3. La nouvelle vague de reformes

Les trois dernières années de la décennie 1980 ont été intimement associées, dans l’histoire de l’Algérie, à deux événements majeurs. Le premier fut l’adoption et la mise en œuvre d’une nouvelle génération de réformes économiques qui se manifestaient par la promulgation d’une batterie de lois visant la séparation entre les missions de l’Administration centrale de l’Etat et les fonctions économiques du secteur productif. Le second fut relatif aux événements d’Octobre1988. Ces derniers marquèrent en effet la fin du monolithisme politique et économique ouvrant la voie au lancement d’une double transition vers la démocratie et l’économie de marché. La période qui a suivi cette expérience fut porteuse de plusieurs événements et rebondissements.
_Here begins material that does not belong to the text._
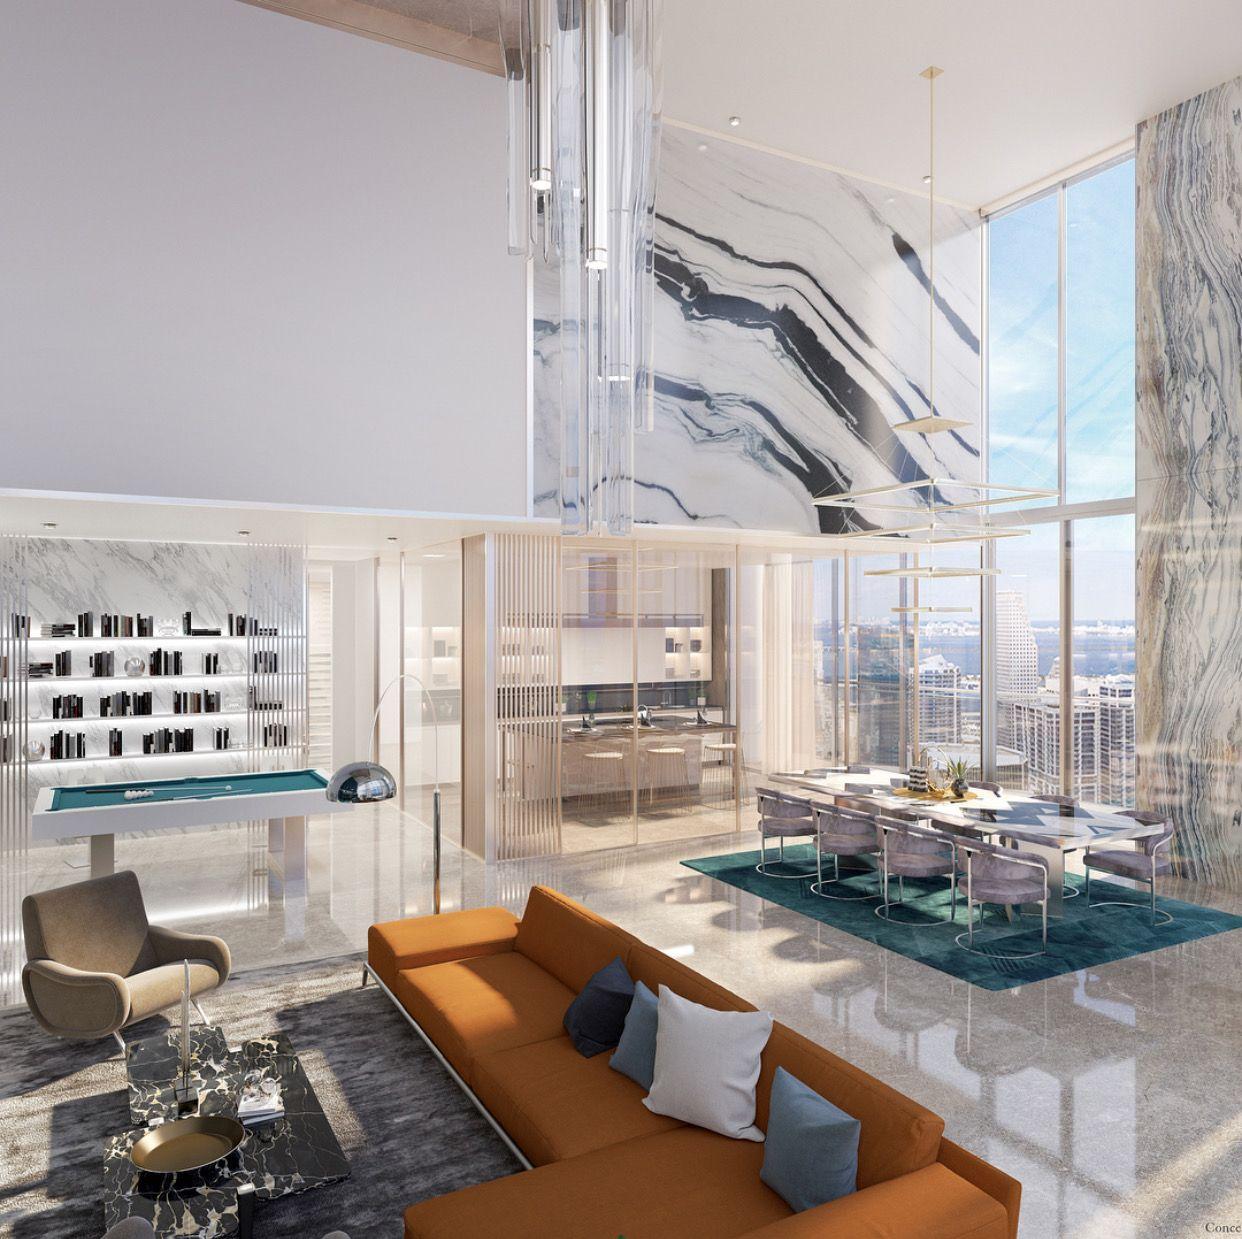 Pin by Boris Vasovski on Ideas for Interior Design | Best ...

Dans les développements qui suivent, nous accordons une attention particulière aux réformes initiées à la fin des années 1980. Cet intérêt est motivé par au moins deux raisons. La première est que ces réformes ont eu lieu dans un moment de grande confusion, ce qui explique qu’elles soient peu, sinon; mal analysées. La seconde a trait à leur importance, car elles constituent le prélude à la plus importante tentative de transition qu’a connue l’Algérie indépendante.

A l’évidence, nous n’allons pas négliger les causes et les effets des événements d’octobre 1988. Ces derniers restent à jamais, dans l’histoire de l’Algérie indépendante, un symbole de rupture avec l’organisation politico-administrative en œuvre depuis l’indépendance du pays en 1962. Au plan économique, c’est grâce à la décantation générée par les événements d’octobre que la réflexion théorique des réformateurs trouva enfin un terrain favorable d’application.
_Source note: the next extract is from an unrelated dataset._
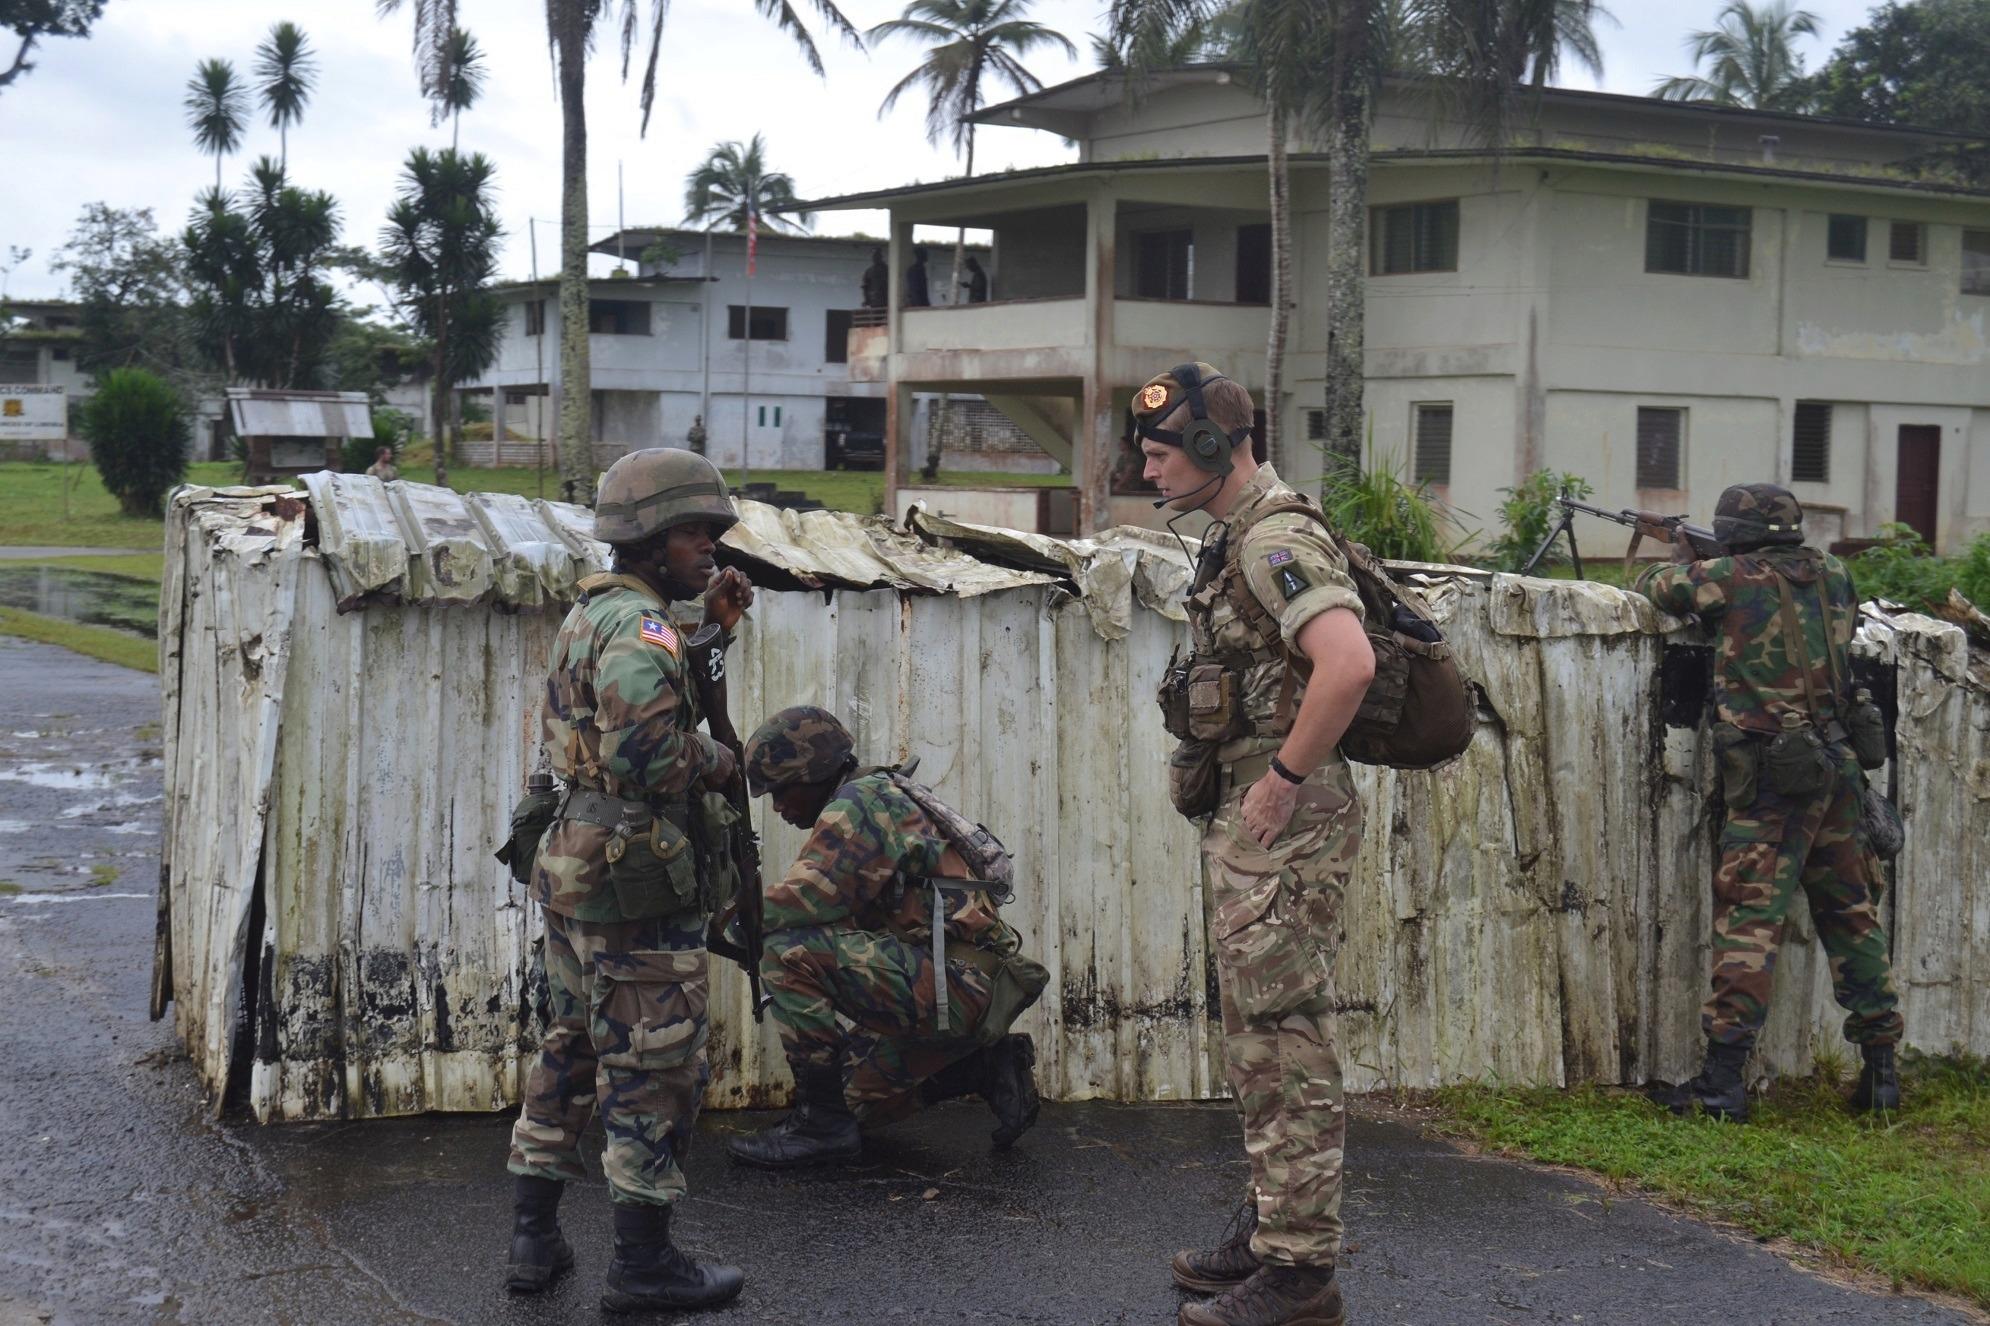 Les Forces Armées du Libéria / Armed Forces of Liberia ( AFL ) _12f58

Avant d’entamer l’analyse de ce nouveau processus réformiste, quelques remarques sur ce que l’on appelle l’équipe des réformateurs s’imposent. L’arsenal juridique adopté en 1988 - qui s'est poursuivi jusqu'en 1991- était l’œuvre d’une équipe de réflexion composée de personnalités d’horizons divers. Installée par la Présidence, l’équipe des réformes était d’abord constituée d’un cercle restreint composée de quelques anciens de l’administration du Plan comme Hidouci, Boulekhla, des membres issus du Secrétariat Général du gouvernement, à l’instar de M. Hamrouche et de quelques responsables économiques.

Elle s'est renforcée par la suite par de nombreux cadres dirigeants du secteur public économique : banquiers, cadres d’entreprises, magistrats, notaires, syndicalistes, etc. Cette équipe, sans aucune fonction officielle, s'est érigée en cellule de réflexion économique indépendante du gouvernement, notamment après la nomination de M. Hamrouche comme Secrétaire-général de la Présidence.

L’équipe des réformateurs a travaillé dans l’ombre pendant plus de deux ans et produit un projet de réformes structurelles couvrant l’ensemble des domaines économiques et sociaux. De la réorganisation des rapports entre l’Etat et l’appareil productif industriel et agricole à la réforme du système des prix et des revenus en passant par les domaines monétaire et financier : c'était un véritable programme de transition de l’économie centralement planifiée vers une économie régulée par le marché. Mais vu les conditions politiques de l’époque, leur projet restera marqué par une grande discrétion. Il ne fut dévoilé dans toutes ses facettes qu’à partir de 1989, après la publication complète des cinq cahiers de la réforme. Cette série de documents fondamentale pour comprendre la démarche des réformateurs, et qui est notre principale référence dans les analyses qui vont suivre, n’a curieusement pas bénéficié de l’intérêt des chercheurs et des journalistes comme le souligne fort bien G. Corm166.

Notes
166.

Georges Corm, « La Réforme économique Algérienne : une réforme mal aimée ? », in Monde Arabe Maghreb Machrek, n°139, fev-mars 1993.pp 9-27.